The other prime example that comes to mind at the moment is that the state of Ohio has passed a law outlawing homosexual unions or marriages. Setting emotions aside, that simply makes no sense. The statistics are that sexuality is a part of the bell shaped curve like everything else. There are those who are hypersexual, have to have it every day, there are most of us who really like it but can put other things as first priority, and there are some who just don’t care. There are those men and women who are hyper-heterosexual, there are most of us who form strong ties to other men or women, and there are those of us who are homosexual. That’s just the way it is. It has been this way since the beginning of humanity. We can’t force people to be something they are not. If our goal in society is to foster stable relationships, stable families, then we will allow those unions to exist in a legal setting. It just doesn’t make any sense any other way.

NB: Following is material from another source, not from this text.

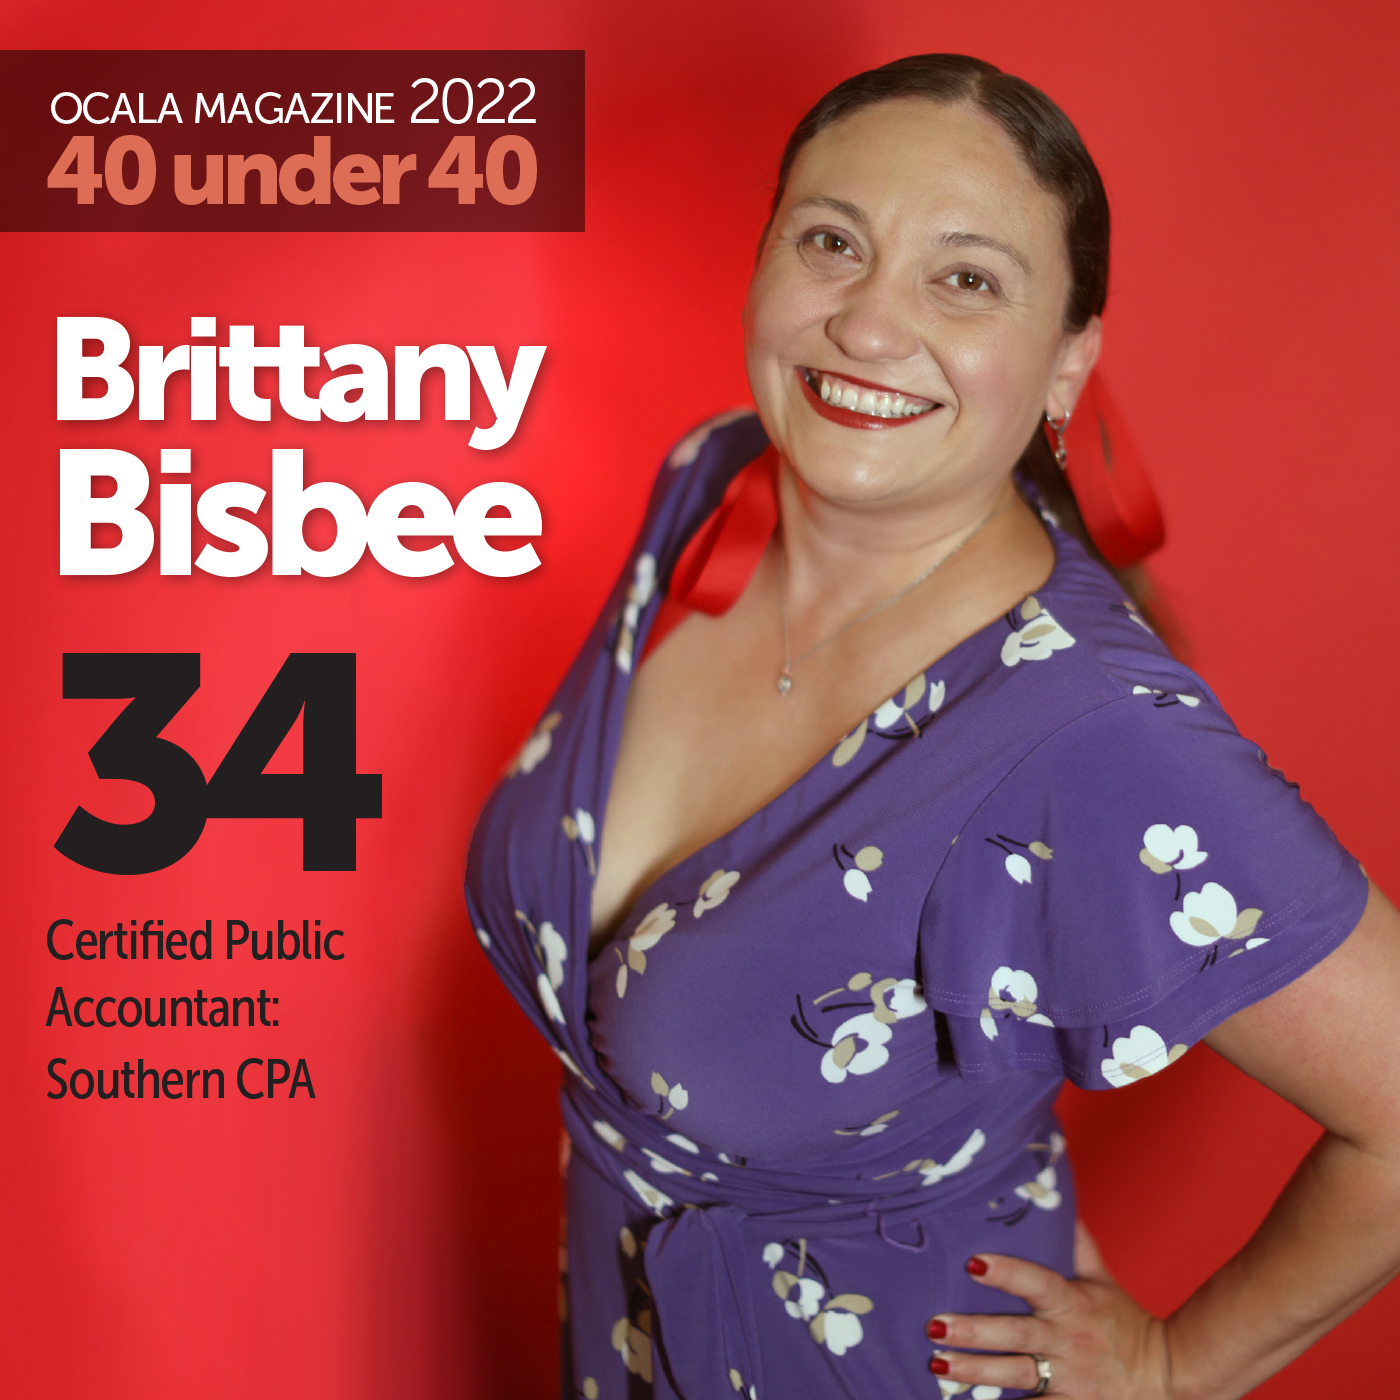 Brittany Bisbee Ocala Magazine 40 under 40

Just because someone is really tall or really short does not make them any less a human with the same rights of life that we all have. Just because someone is brown, black, white, yellow, round eye, slant eye, young, old, bent, straight, hyper-, hetero-, homo-, asexual or any other kind of sexual does not make them any less human. We are all in some way an outlier on a bell shaped curve. We need to accept all these outliers as normal. We are not all the same. We are all unique and different. We should relish the differences!

Every group of anything we know exists in a bell shaped curve. All of our life experiences and encounters show variability. All will show a median, a majority, and 5% outliers at the top and bottom of the curve. In everything we do, we need to keep in mind that we are playing the odds against the Laws of Chance. The bell shaped curve is simply an expression of God: It is all- powerful, all-pervasive and completely impersonal. We challenge God – we lose. We play along with God – and God is willing to give us a greater chance of long term survival. We recognize that we have great variability in human expression as a normal part of being us, and we are winners.

The bell shaped curve teaches us both ways. It teaches us that if something has a great chance of failure, we better take another course of action. It also teaches us that there is great variability in all of life, and that all of that variability should be reverently respected. We better learn what our teacher is saying; the God of Chance is watching with an unforgiving eye.